Quel départ! Je n’ai jamais été aussi à la dernière minute pour me préparer pour un voyage à vélo. Déjà j’ai mis un temps incroyable à me décider à partir. Je finis cette année 2025 sur les rotules (et elles sont fragiles, mes rotules). Le deuxième semestre a été très dense au travail, je n’ai pas pris de vacances depuis cet été, j’ai attrapé la grippe qui m’a mis à terre (au sens propre). Donc je n’ai plus beaucoup d’énergie, ni de motivation. Mais passé Noël, et en particulier parce que j’ai besoin de soleil et de lumière, je me suis décidé. Hier! Et aussi mon fils m’a offert un livre photo en imprimant les textes et les photos de trois de mes voyages, tirés de ce blog Velibre. La traversée de l’Auvergne et du Périgord, le Tuscany trail, tous deux en 2021, et les lacs suisses cette année au printemps. Ça m’a replongé dans mes voyages, que je ne revisite jamais, et ça m’a motivé à repartir sur la route, au guidon de mon fidèle Cannondale topstone. Merci beaucoup Tristan!
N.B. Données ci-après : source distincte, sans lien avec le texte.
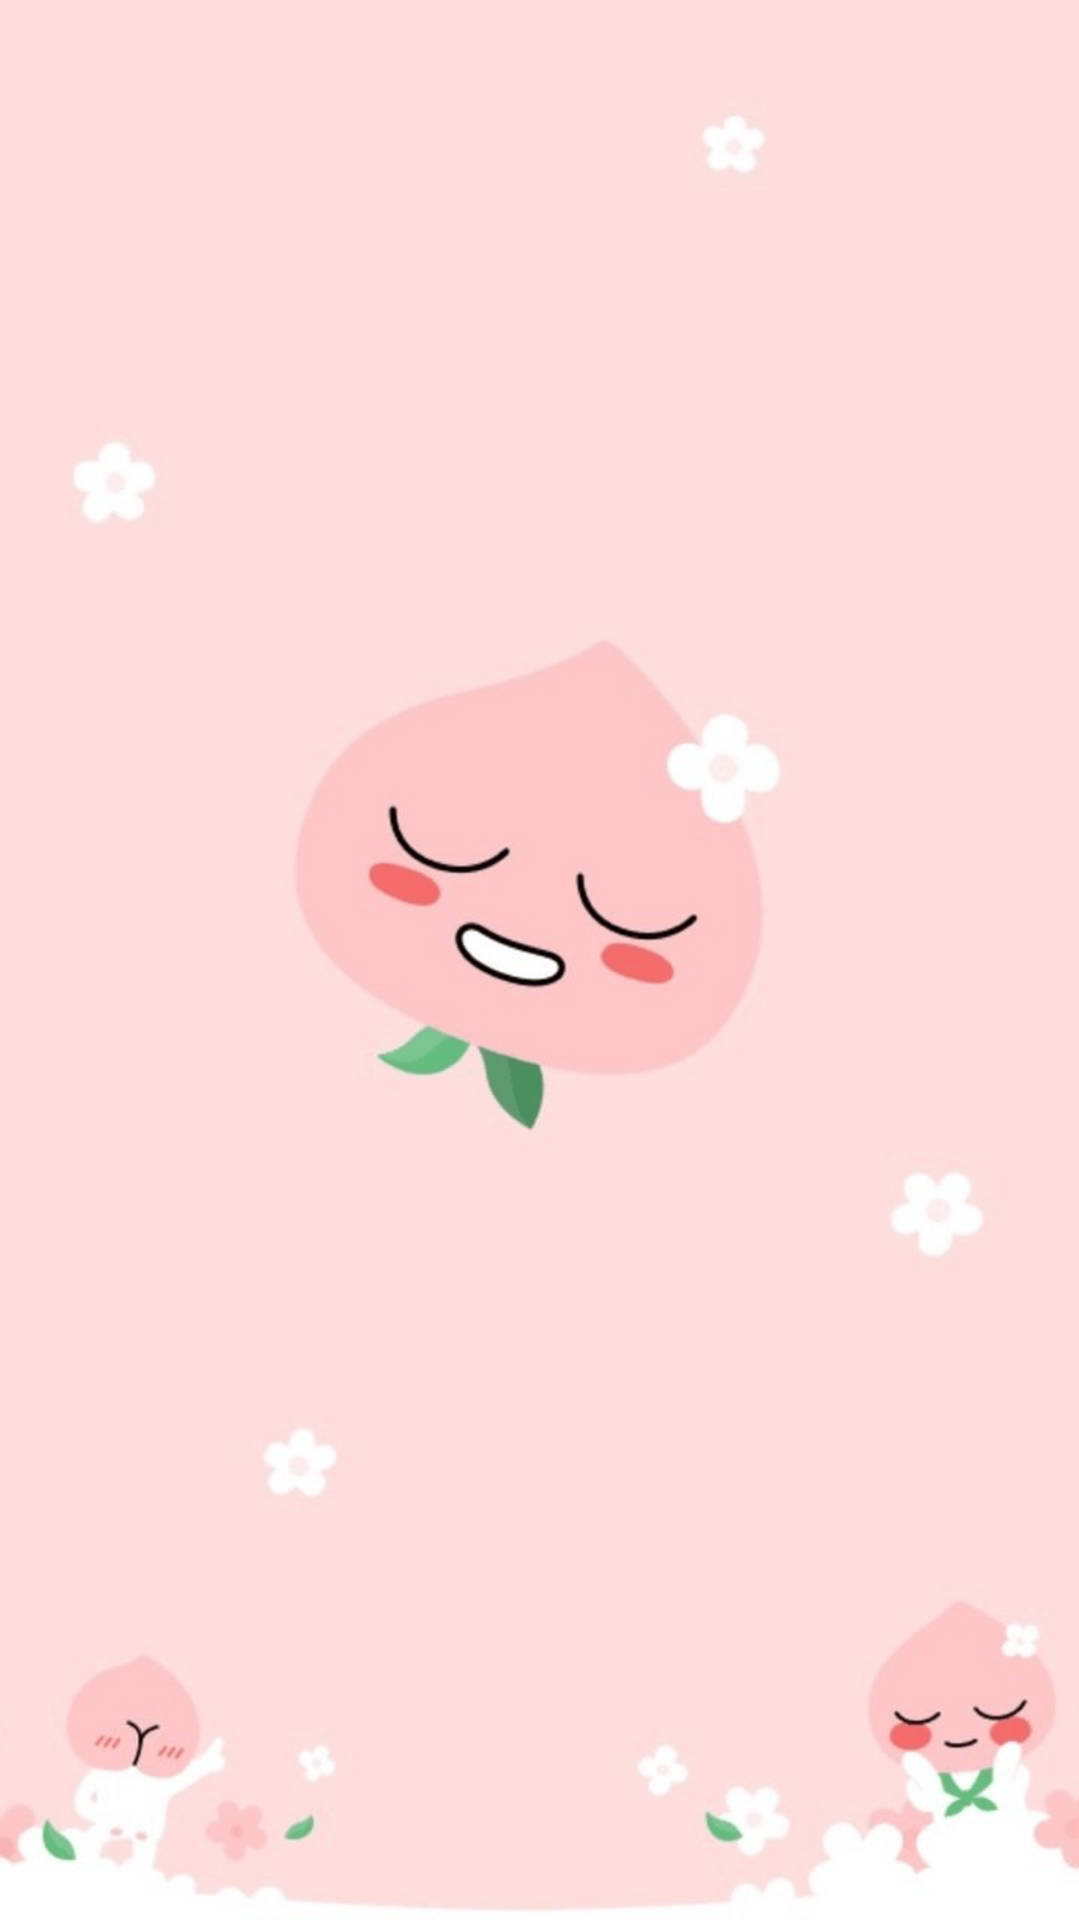 Sweet dreams are made of Peach! Wallpaper

J’ai eu la version numérique pour le moment, la version papier m’attendra à mon retour normalement. Ça fait plaisir aussi de revoir les amis qui ont participé (Pascal) ou chez qui je suis allé (Rolf). Ça m’a rappelé que ces voyages ne se racontent que finalement très peu, les photos en particulier me rappellent des moments qu’il n’y a que moi pour me souvenir, des émotions que j’ai vécu à ces moments là. Et ceux qui y étaient. C’est vrai d’ailleurs pour toutes les photos du monde. Ces émotions sont gravées en moi maintenant, et je peux les revivre grâce à ce blog, qui les fait resurgir de ma mémoire. J’espère, aussi, faire profiter, un peu mes lecteurs, de ces petits moments de grâce où le bitume est si lisse, la lumière si limpide, les nuages si bien formés, l’herbe des bas côtés si bien plantée, la pluie si intense parfois, le vent qui caresse mon visage, le soleil qui brûle ma peau. Et la nature environnante si belle et si diverse. Des roches Tullière et Sanadoire, jusqu’à la piazza del Campo à Sienne, aux rives du lac Léman. La terre est infinie et c’est tant mieux!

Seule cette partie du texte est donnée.